Over the last three years, we have seen a significant increase in the number of network members who are substantially dissatisfied. Rather than enhance the benefits that are attached to membership, it seems that some of the networks prefer to use scare tactics to discourage members from leaving. Ethical arguments aside, this strikes me as somewhat strange. Anyone who has to keep their members in place by threats must have serious problems within their business model.

The types of threats that are employed are probably well known to most readers but the list has expanded and become more widespread in implication. The freezing of all pipeline income and retention of all client records by the network are employed as standard procedures when members decide to leave.

Some networks may occasionally be over-zealous in pursuing such practices but I would not criticise them for protecting their business interests. What I would call into question are the now commonplace delays in giving regulatory references to outgoing members and, quite outrageously, attempting to deny retiring and exiting members professional indemnity insurance after they have left. Where does that come from?

For a member who has spent some years writing business through the authorisation of a network and, one hopes, complying with the additional standards required by the network, it is a real kick in the teeth to find out that they may not be able to sleep soundly at night after all.

How widespread are the PI ramifications for networks? I believe they demonstrate the shakiness of the network business model. What we will now see will be each and every one of the networks moving to (or, more accurately, being forced to move to) self-insurance for PI.

How will this help members? In the short term, it will allow them to stay in business but beyond the short term it will threaten their existence as claims erode and consequently destroy the capital base. Remember, any losses generated by the network also reduce regulatory capital.

What has happened to the positive aspects of the network approach? I still see great logic in pooling the buying power of intermediaries but, in a post-Sandler world, will this be able to work economically? Will it generate enough income to significantly offset the cost of admin and self-insurance for claims? Remember, some networks are receiving complaints

at the rate of 2,500 a year at present.

What additional income will be granted by insurance companies to networks? I suppose this will depend on how close the ties are. Networks having to dispose of part of their equity base to try and secure a patched-up future income stream may well realise the wisdom of the saying that if you marry in haste, you will repent at leisure.

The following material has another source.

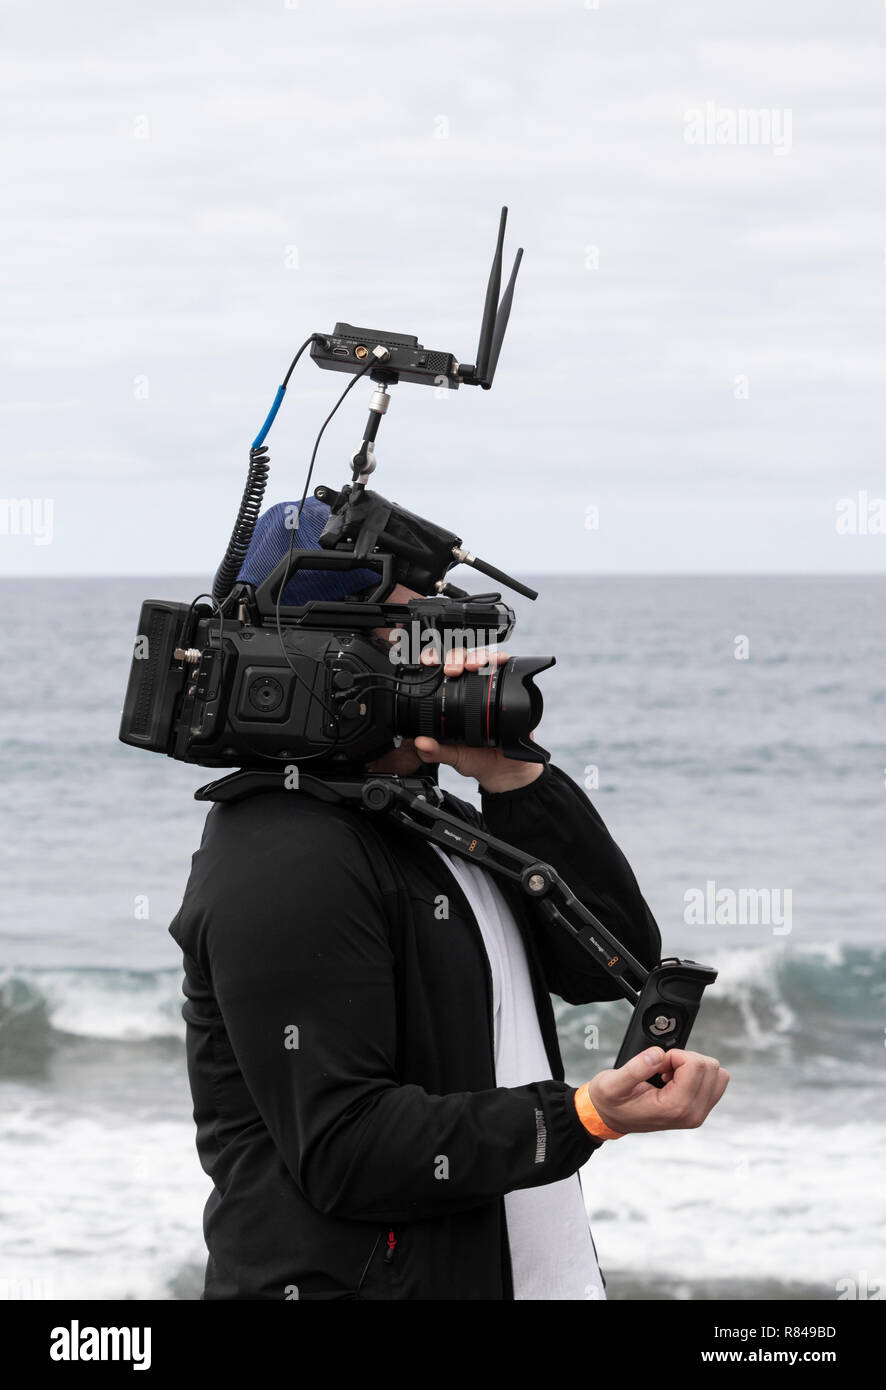 Routeur Wifi caméra vidéo avec la couverture en direct streaming de l'événement surf. Photo Stock

One only has to look at the financial performance of some networks to see just how difficult it is for them to implement their business models at present. The media have long reported shortages in regulatory capital for some networks while others have hurriedly sold off their family silver in a scramble to secure a future.

A business with falling or stagnating revenues, an increasing cost base and question marks over the loyalty of existing members must surely question its modus operandi.

It will not be sufficient for networks to continue to hope that new entrants will outweigh those exiting. We can clearly see the writing on the wall here, with some networks offering cash advances to new members (clearly buying in turnover) while others are openly in financial difficulties and making losses.

I have not even touched on the level of service to members. All indications are that, despite repeated reassurances, they are not improving. Nor have I spent time on the quality of some of their housekeeping. I could name two networks that still use terms of business that do not fully comply with the latest FSA requirements. How many people do they have working in compliance?

It is time for some serious feedback from network members that will actually be listened to. Not listening to members&#39 views is downright scandalous. It is clear that the class actions being brought to bear against some of the networks will ultimately be damaging to all parties.

Would a little customer service not be more appropriate? I would have thought so. But I am not running a network. Time will tell how this will shake out but I know where I would bet my money.